Поначалу, традиций держась, пивал с шашлычками и зеленью, спустя время, традиций держась, с сигаретой и прищуренным глазом. Бормотал, ухмылялся, щупал заросшие щеки. Пытался взглядами, разными по выразительности, пробить сигаретную пелену, вслушаться в рокот публики. И вновь щупал. Пощупывал. Глотничал. Курить, пощупать. Замкнутый круг.
А еще, в едином болезненном комке, стала подкатывать поднакопившаяся злоба, На все! И про литературу вообще, и про этого потомка каннибалов в частности. Про заросли и куда-то рухнувшую, попластанную на раны любовь. Копилось. Подперевши кулаки в черные, уже порядком всклокоченные гущи бакенбардовых волос, Сабуров шумно выдохнул и вновь залил шары через глотку. Изнутри отозвалось чем-то похожим на треск. Прислушался. Все верно. С треском перли все новые волосья. Глаза вовсе сощурило от боли и ввергнутого в организм. Тяжело толкнувшись вверх, Сабуров поднялся и, яростно раскачивая пол, двинулся в сторону центра. Припадал на непослушных ногах. Взор был стеклянен. И туп. Или уже равнодушен. Ухмылялся чему-то. Страшно. Казалось, все замерли в ожидании свершения задуманного Сабуровым. Поутих гул: не так шумно бубнили вокруг. Наблюдали будто. На деле-то, всем заглушающим алкоголем организм было решительно фиолетово на этого обросшего мужичонку. Признаки живого интереса праздный народ проявил лишь тогда, как Сабуров, оказавшись у бара, грянул стихами Пушкина по помещению. Читал скверно, но много и наизусть. Сначала «Пирующих студентов», затем «Вольность» и всю любовную лирику, ненавистные главы из «Евгения Онегина» и всю кучу «Повестей Белкина». Добил полной версией «Капитанской дочки». И заплакал. А хмельная публика обрукоплескалась. Потому что заткнулся.

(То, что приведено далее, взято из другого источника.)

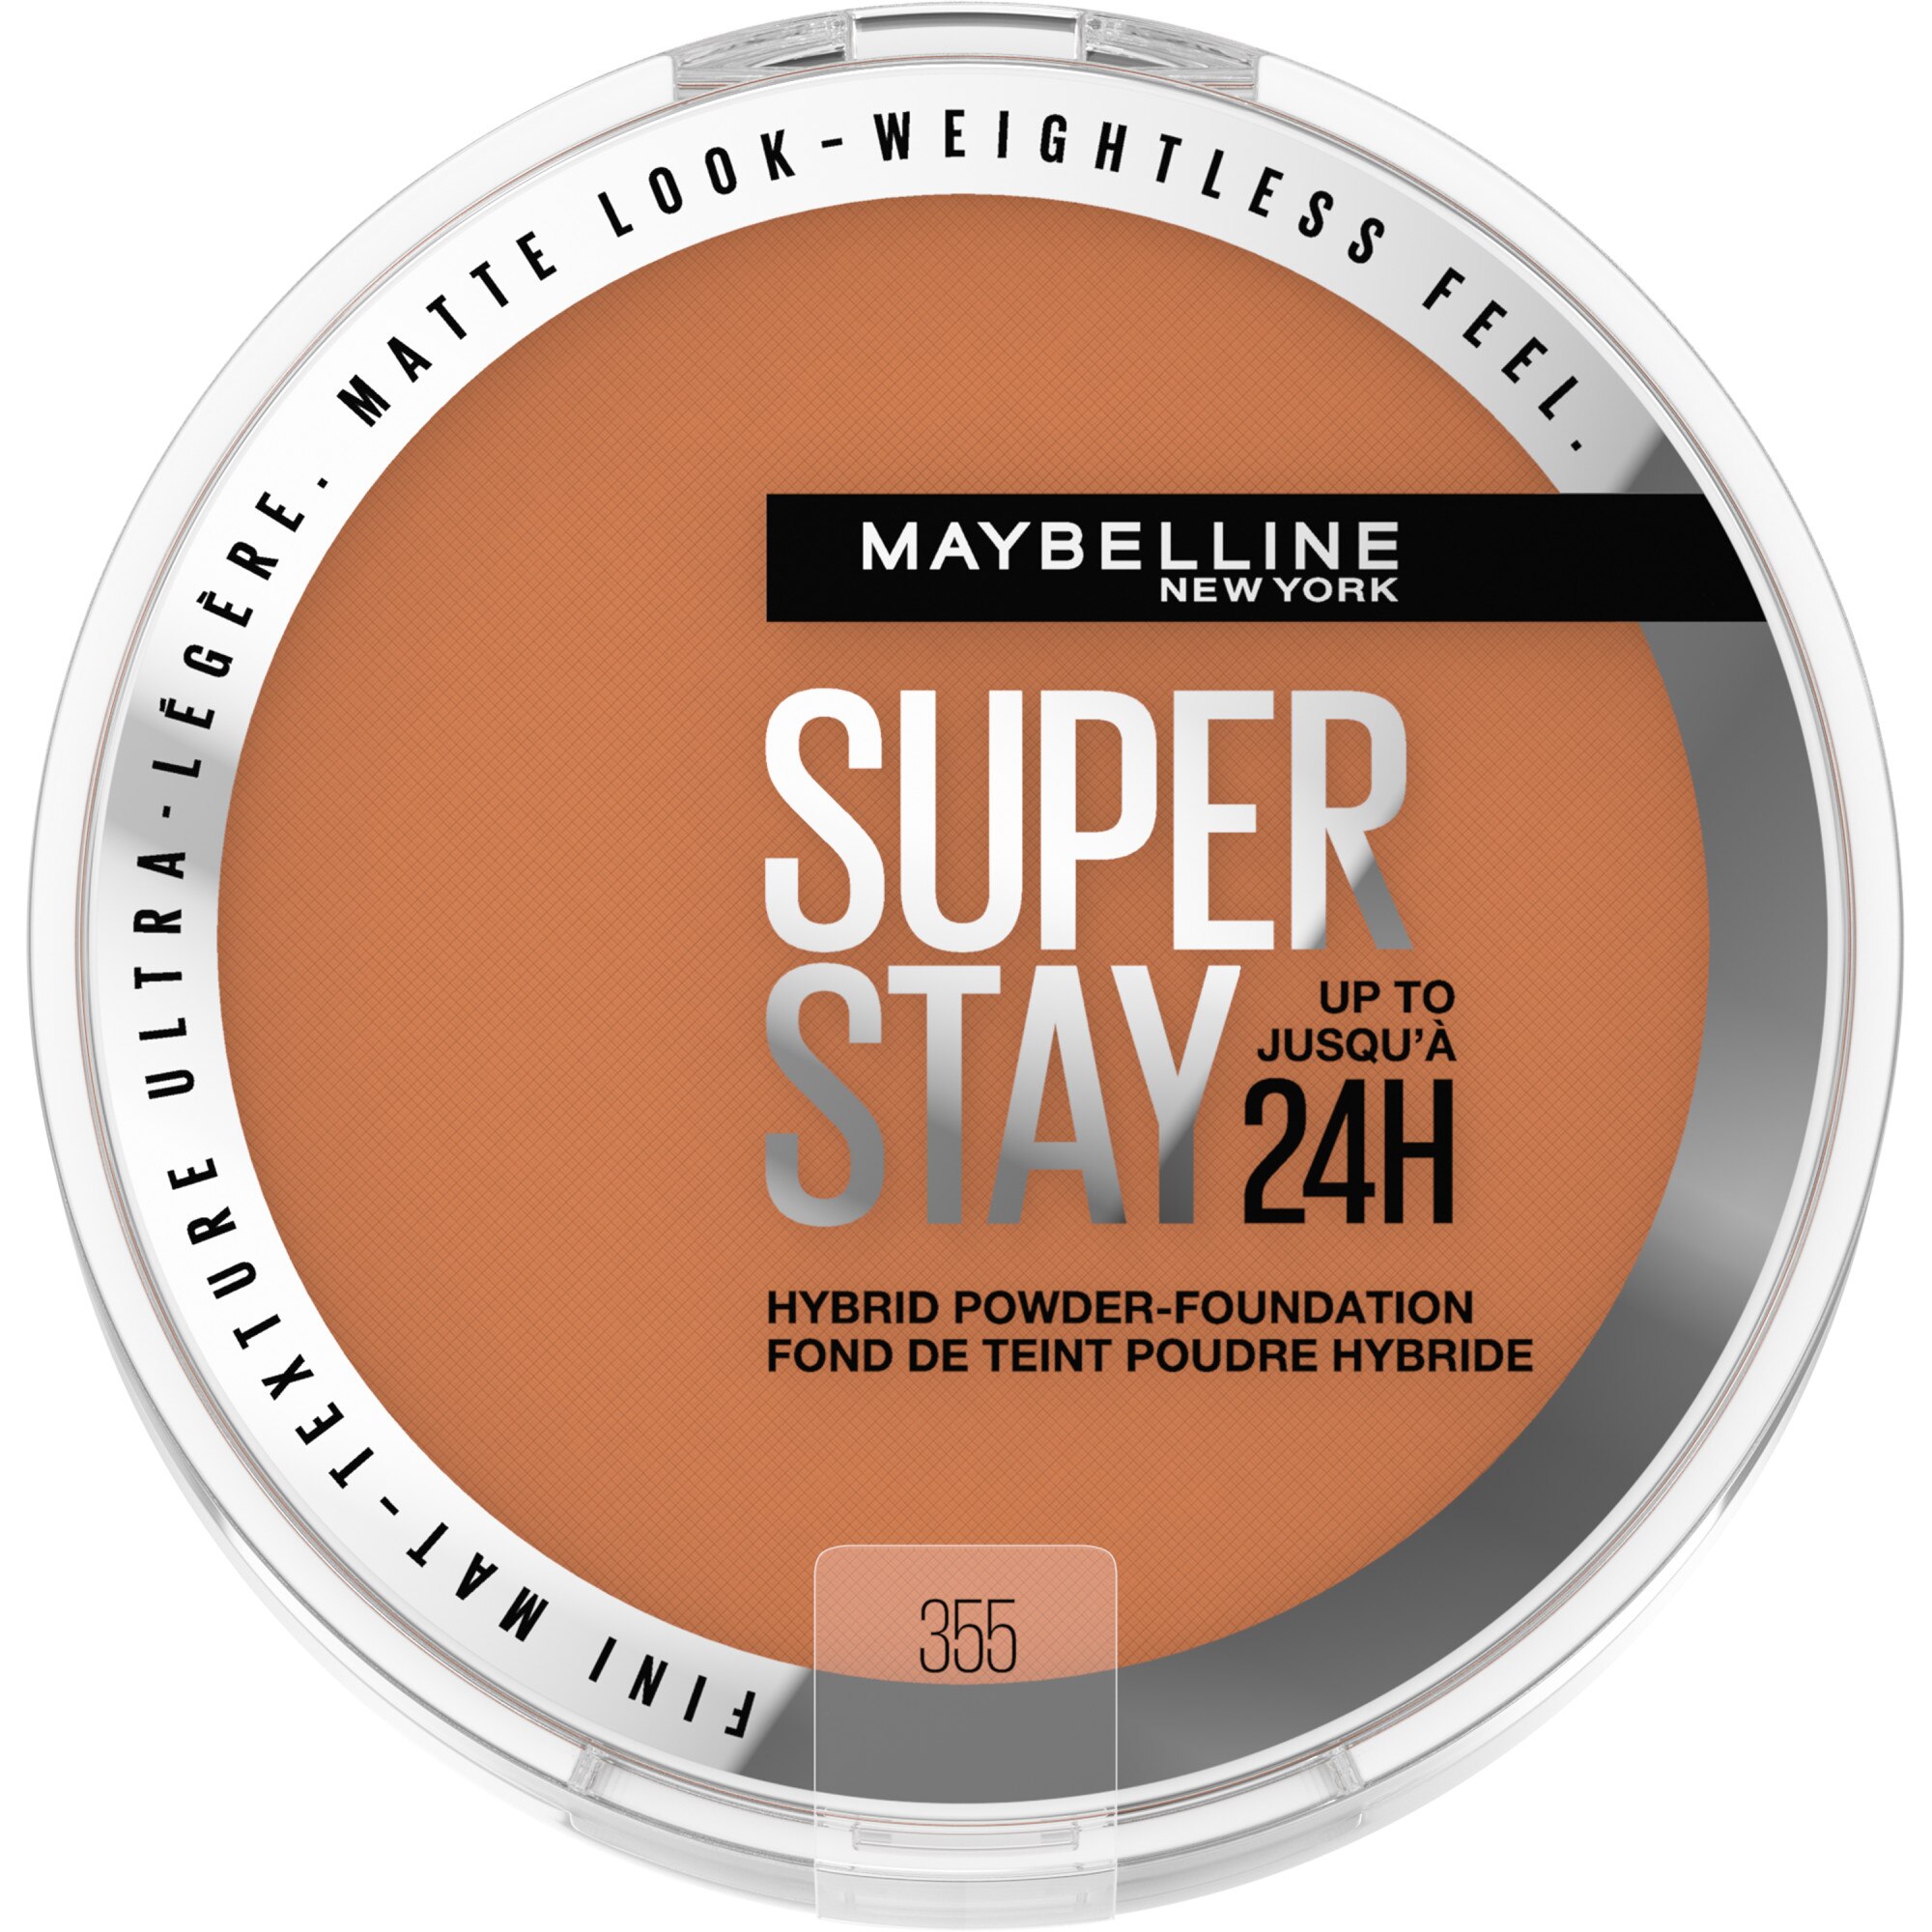 Maybelline New York Super Stay Up To 24HR Hybrid Powder-Foundation, 355, 0.21 Oz , CVS

Сиживал на скамеечке с каким-то пойлом в руках, продолжая подрагивать от слезы и курчавиться от бакенбардов. Взгляд блуждал. Грудь дышала рвано, с прострелами. Вычитавши из себя накопившееся, Сабуров стал безразличен к уникальному изъяну на своем рыле и наплевательски относился к предполагаемому предстоящему. Зафиксировавшись очами на самой верхушке девятиэтажной постройки для человеческих судеб, заросший сразу как-то подтянулся, заволновался и заглотал содержимое бутыли. Поднялся со скамейки не то, чтобы решительно, однако, довольно сносно. Принялся вновь ухмыляться и брести к цели.
А дом, в крышу которого метил Сабуров, стоял себе окутанный тяжелой уже ночью. Иногда пощелкивал, вспыхивая глазницами окон, иногда постанывал женскими глотками и плакал младенчески. Ему и дел то до бултыхающегося по пожарной лестнице самоубийцы не было. У него своих под потолок. Выше крыши – это уже проблемы небес.